My question surprised her into a small smile. ‘I suppose I might have done, since no other method works.’ The smile faded. ‘You know she’s going to make me marry Gracchus after all? I wish I’d taken poison like. .’ she tailed off, confused.

‘Like your father?’ I was momentarily startled by the thought, but her bitter laugh convinced me that my guess was wrong. Suddenly I remembered what Maesta had confessed. ‘Or like the convicted criminals that avoided worse, by drinking hemlock of their own accord?’

‘Ah! The convicted criminals. . of course. That is what I meant.’

But it wasn’t. I could read it in her face. I searched my mind, and suddenly things settled into place — like pieces of mosaic that make a pattern suddenly. ‘It was your mother, wasn’t it? She was so unhappy she committed suicide. How did she manage it?’ But even as I asked, I knew what it must be. ‘She took some of the poison that your father had — for those convicted criminals — and swallowed it herself?’

She didn’t answer but she scarcely needed to. It was clear from the expression on her face that I was right.

‘I should have realized that it was something of the kind. Maesta said that one of the victims hadn’t died at once, but that the dose should have been strong enough to kill an ox. She had an explanation which I doubted at the time. But of course, the poor wretch didn’t get the full amount. Your mother had abstracted some of it. Maesta actually told me that she’d died soon afterwards.’

‘She did not mean to make him suffer,’ Pompeia said. She had screwed her two hands tightly into fists and was staring down at them, as though she was physically holding on to her self-control. ‘My mother never intended to be cruel.’

‘Then tell me. Make me understand.’ I sat down, without permission, on the stool that Maesta had used.
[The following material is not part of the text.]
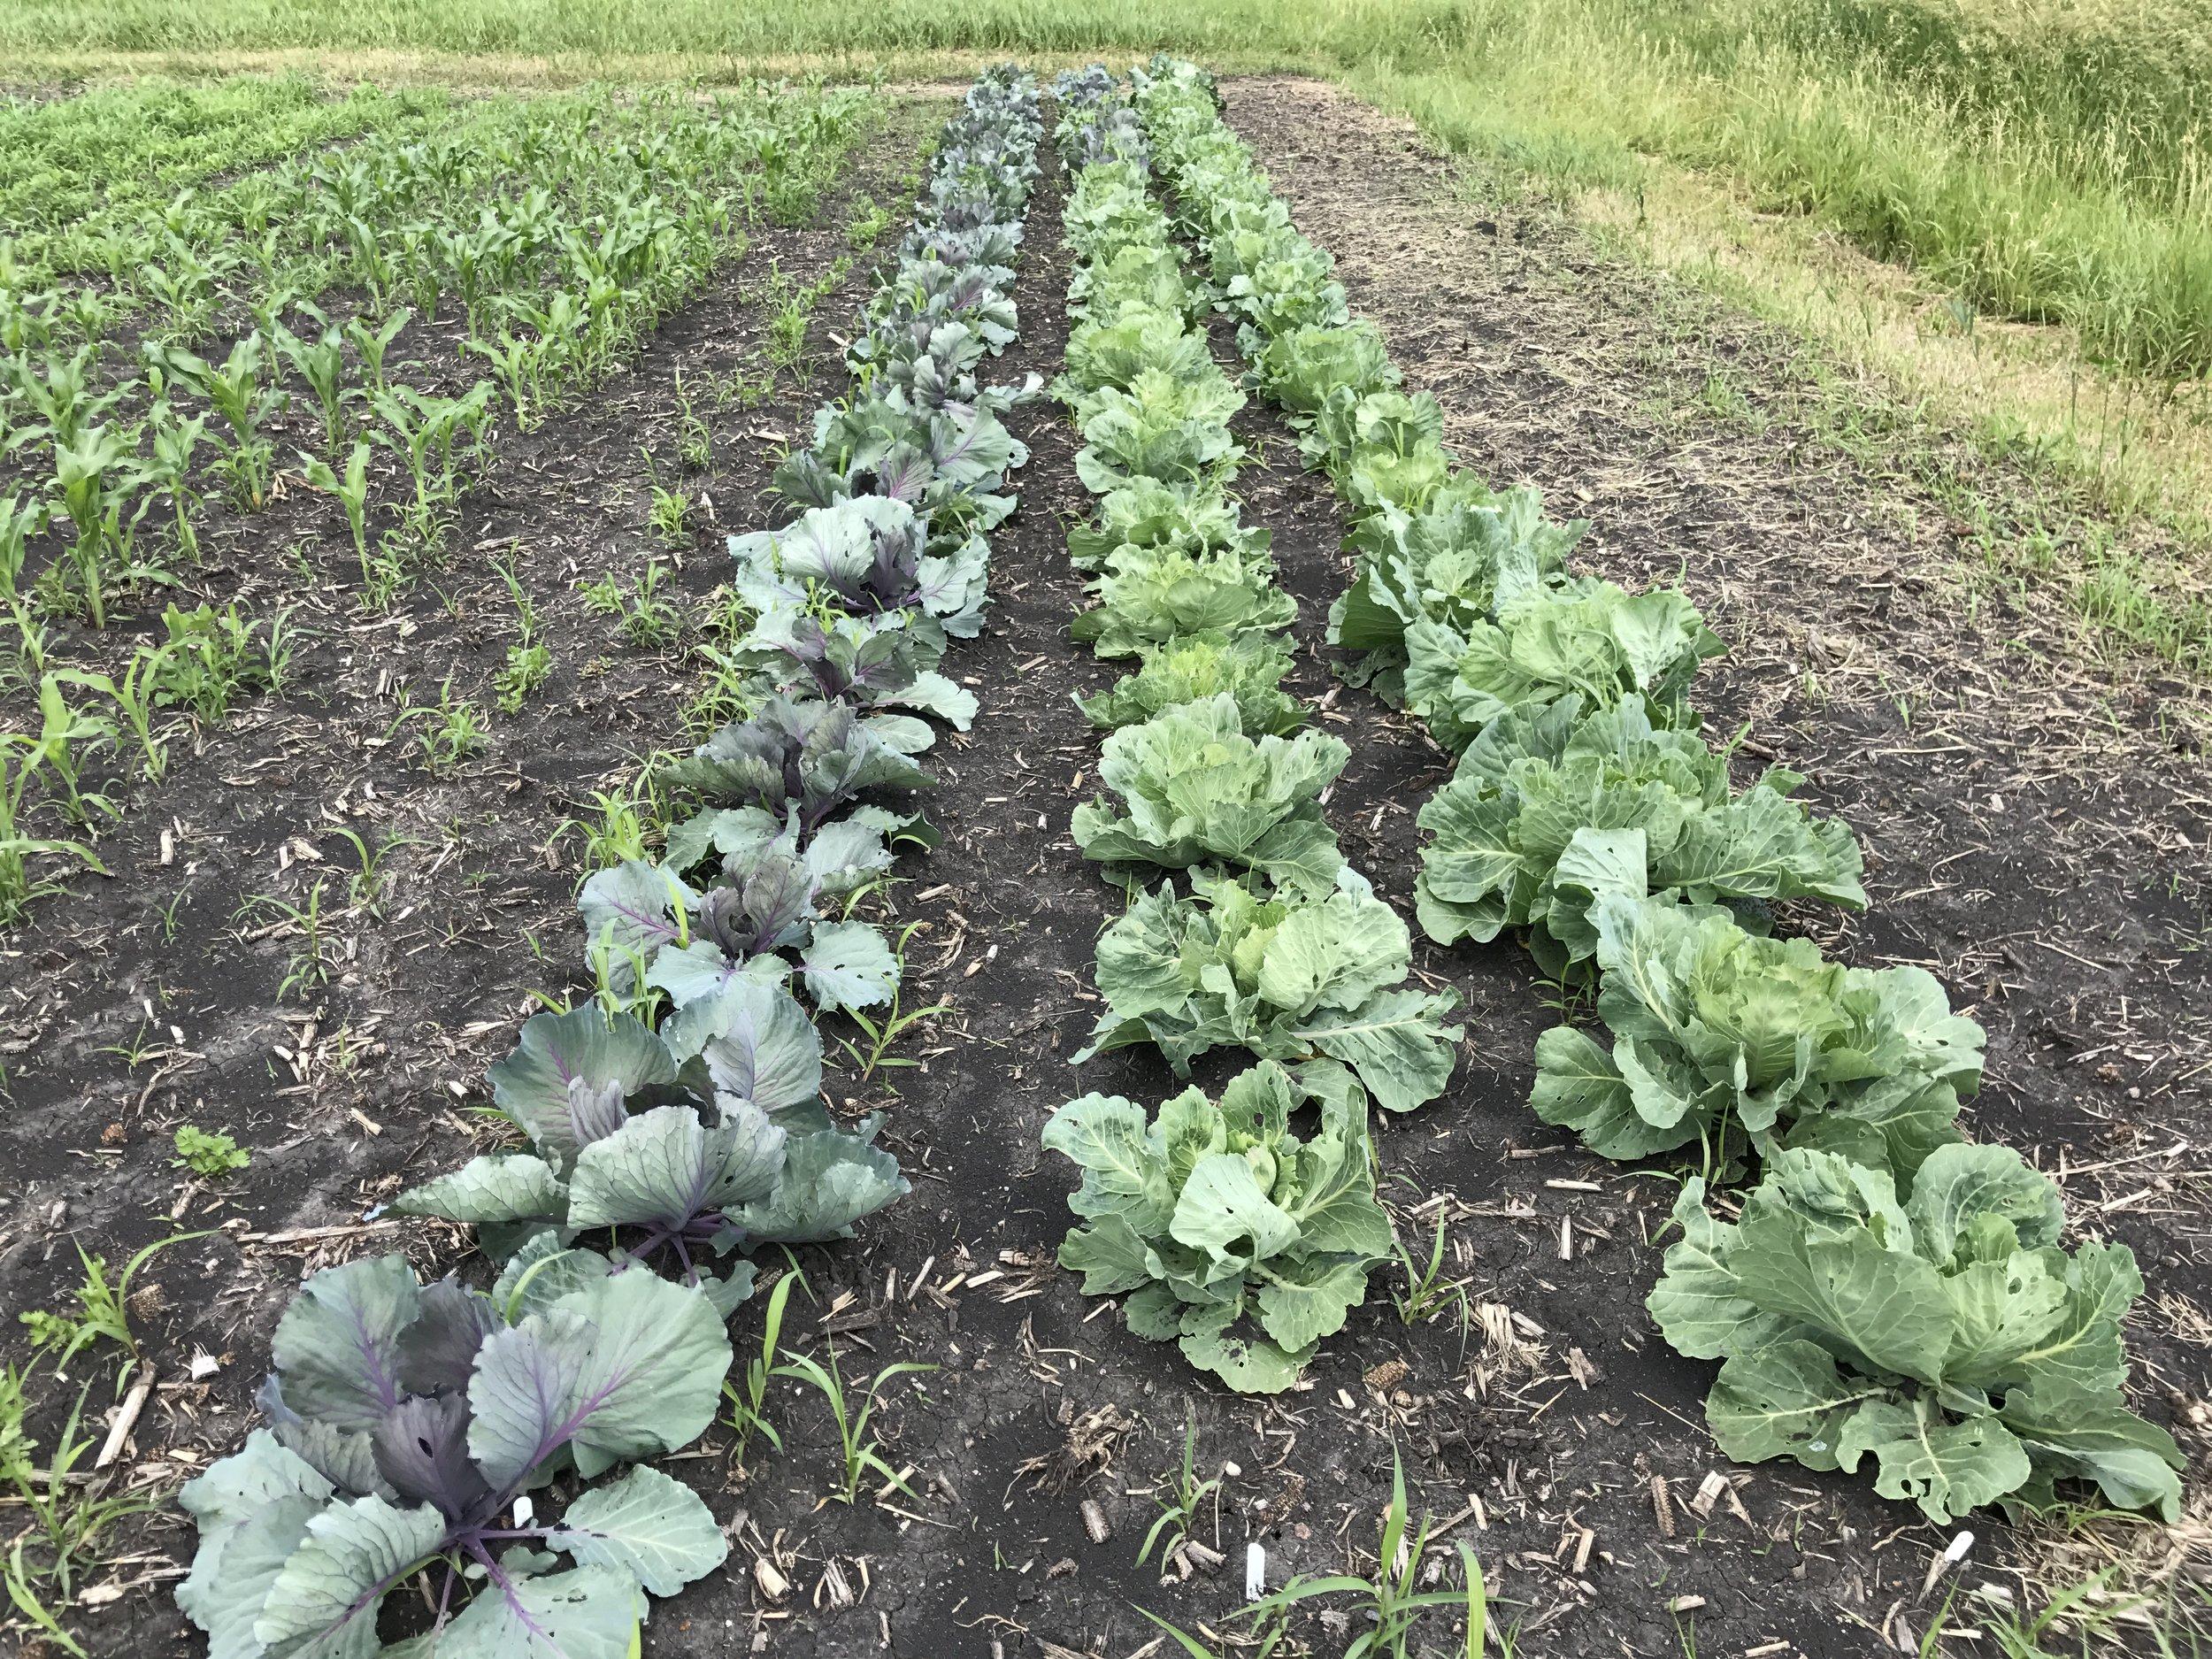 Cabbage looking goooood.

‘I suppose I might as well, since you know anyway. .’ She let her hands relax and moved her gaze to me. ‘It was clear that the doses were very strong indeed — because too little hemlock may not kill at once. They were to be distributed on successive days. My father came back and told us how the first two men had died, and how they had not even finished what had been poured for them. When my mother learned that, it gave her a way out. She had these phials of so-called love potions — she emptied one of them, and put the poison in, and topped the criminal’s container up again — probably with the other philtre she had saved. It should have been enough to kill him anyway. She only drank a mouthful and she died within the hour. It was just that the last criminal must have been a giant.’
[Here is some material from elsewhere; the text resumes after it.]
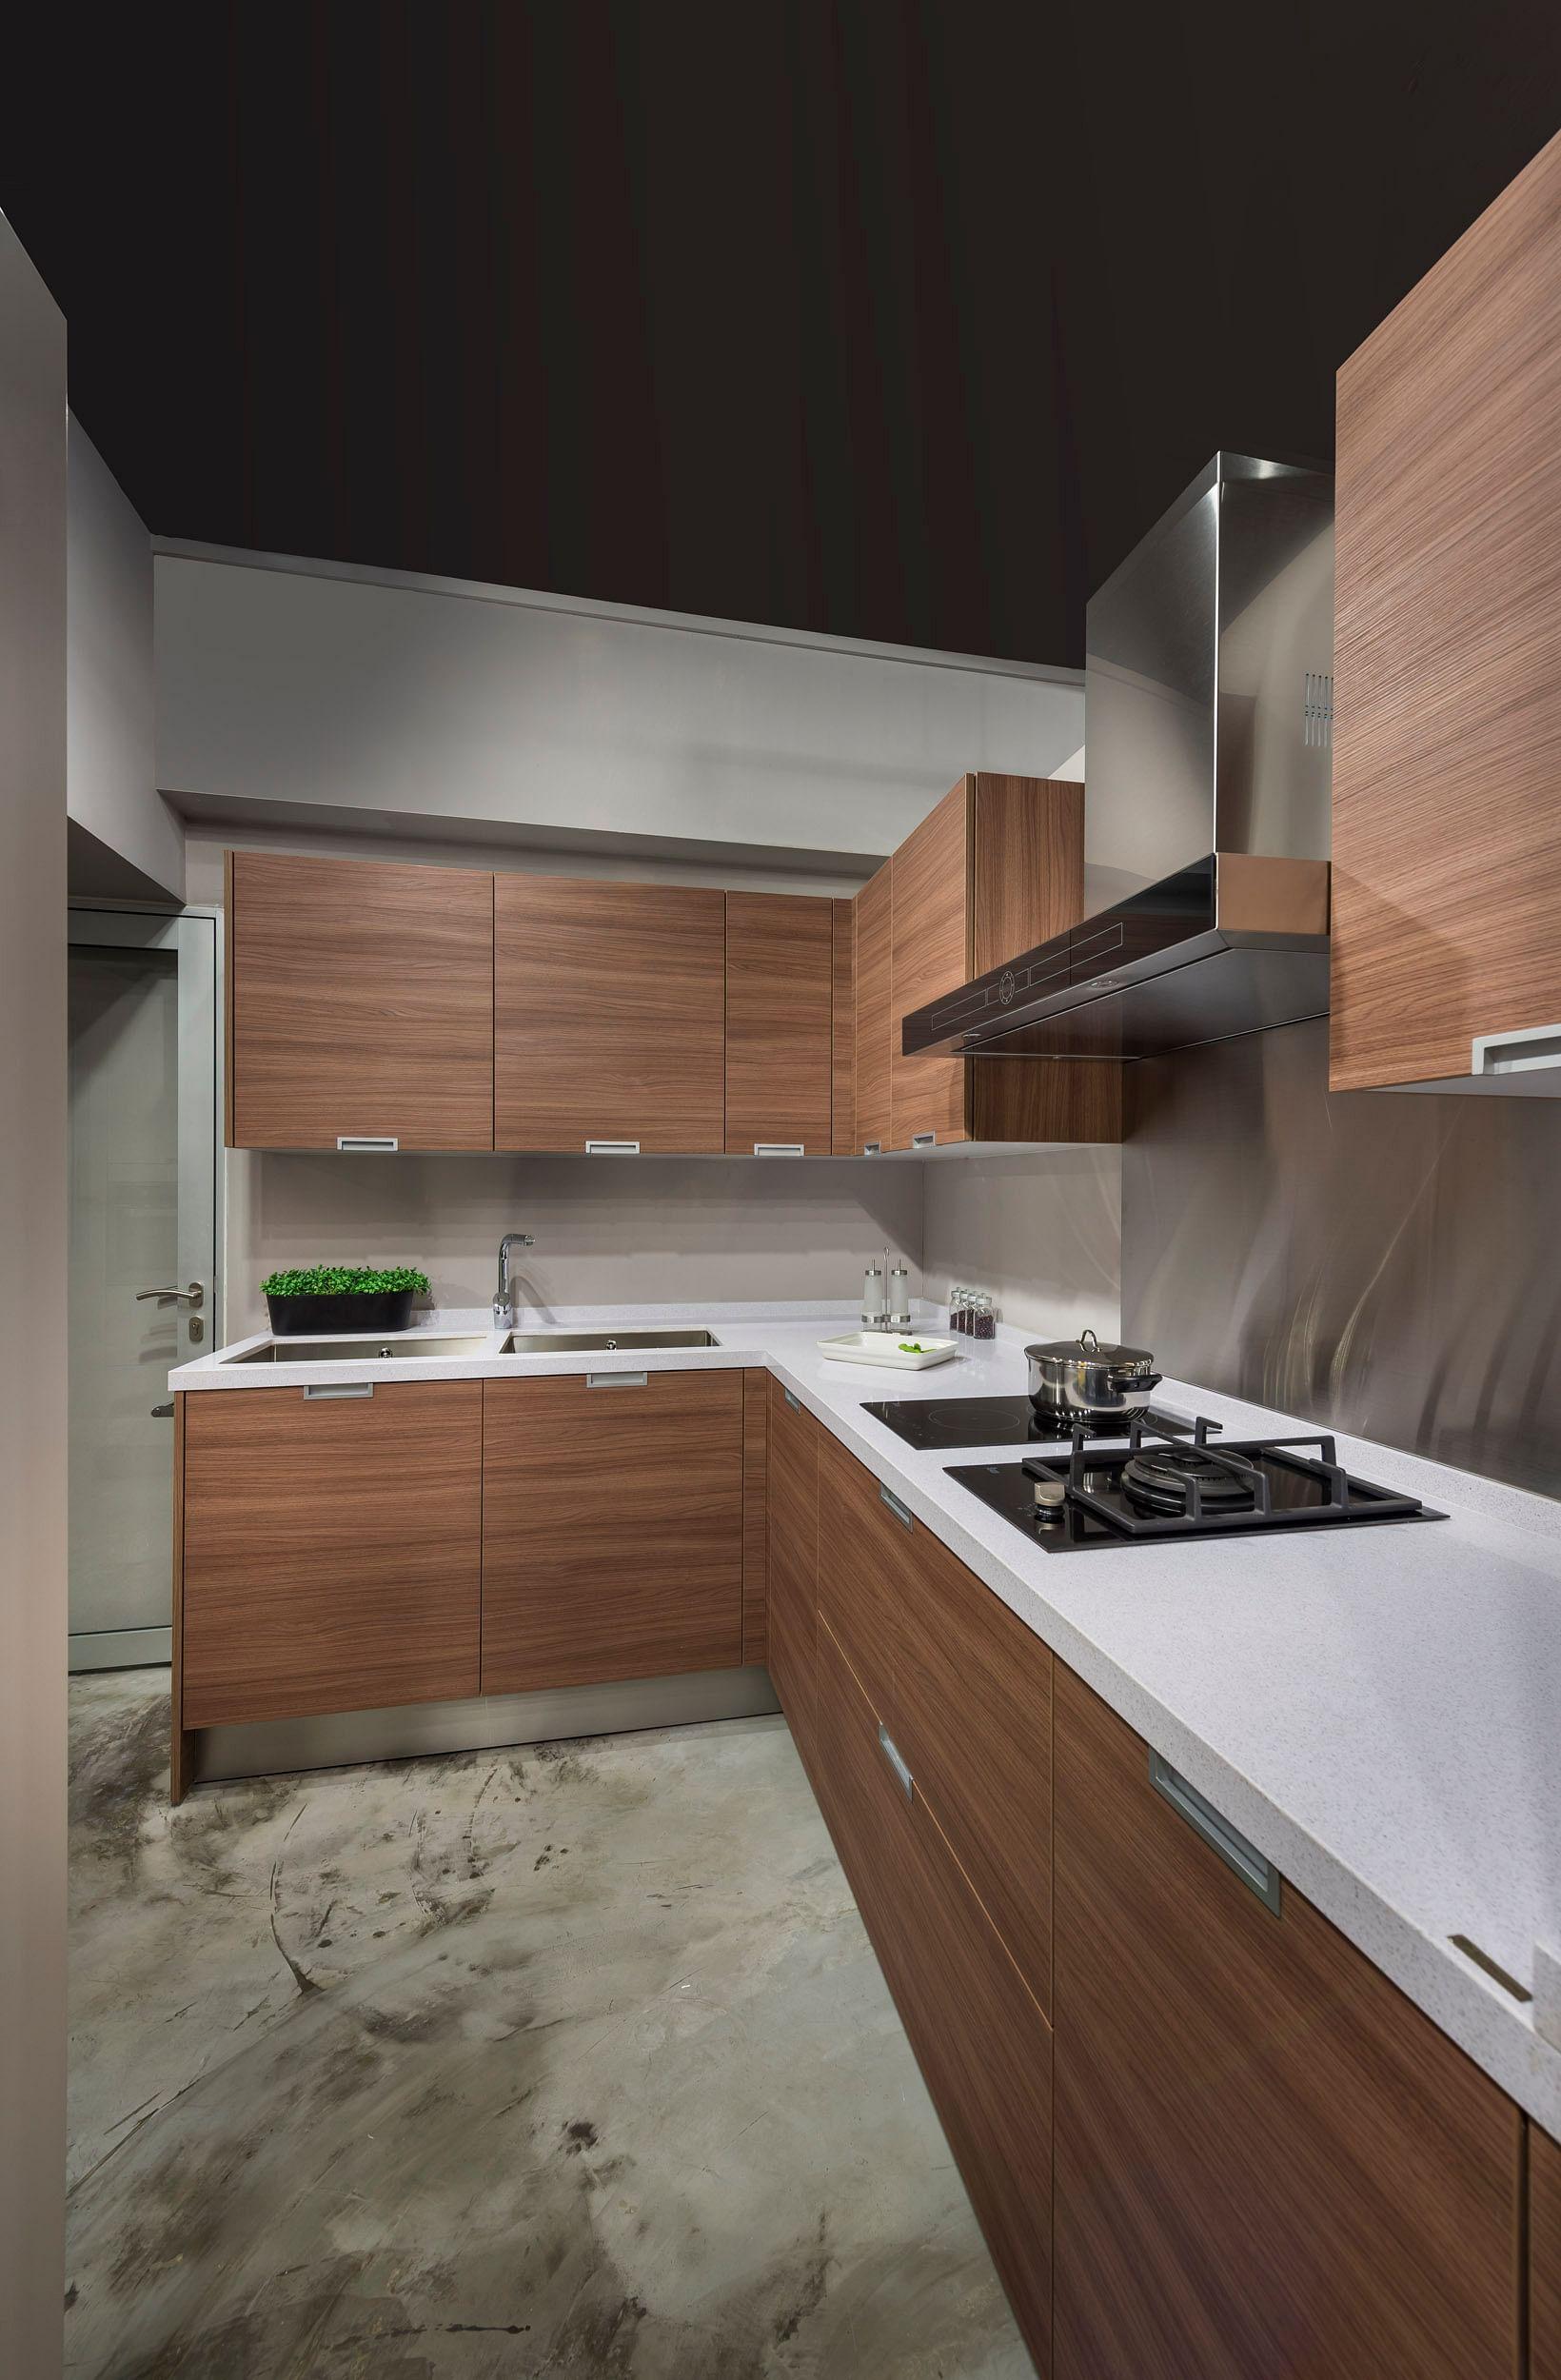 Kitchen design photos singapore -  Kitchen Design Ideas Singapore

I stared at her. ‘How do you know all this?’

‘She left a letter, for Honoria and I. We found it in our clothes chest after she had gone, with the remainder of the poison phial. In case we needed to escape ourselves, she said. Of course we didn’t realize how bad things had become. And naturally it was never mentioned at the funeral, or anywhere else as far as I’m aware — my father simply told us that she’d died.’

‘But you think he knew that she had killed herself?’
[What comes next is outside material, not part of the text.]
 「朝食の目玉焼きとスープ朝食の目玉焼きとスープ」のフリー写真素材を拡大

‘I’m not sure that he did. Certainly he never admitted it to us, and of course, he never found the phial. Died of a broken heart, the servants said. Only the steward knew the truth, and he could hardly tell, since he was the person who had let her out.’

‘She must have been desperate.’

‘I believe she was. It was the love potions that caused it — according to her note. She tried to put them in my father’s food, and he accused her of attempted poisoning and trying to affect his mind with sorcery. She was not allowed to speak to us: he told us she was ill. He locked her in her room — this one, hence the bar across the door — had her beaten, and threatened to exile her for life. He was about to bring a case to court — and his word would always have carried against hers. But she bribed the steward and he let her out, one evening when the rest of us were busy with a feast. And then she found the poison — and you know the rest. Of course, she must have been unhappy for a long time earlier, or she would not have needed the love potions at all.’ She looked at me at last. ‘Can you see why I’m determined not to marry Gracchus, now?’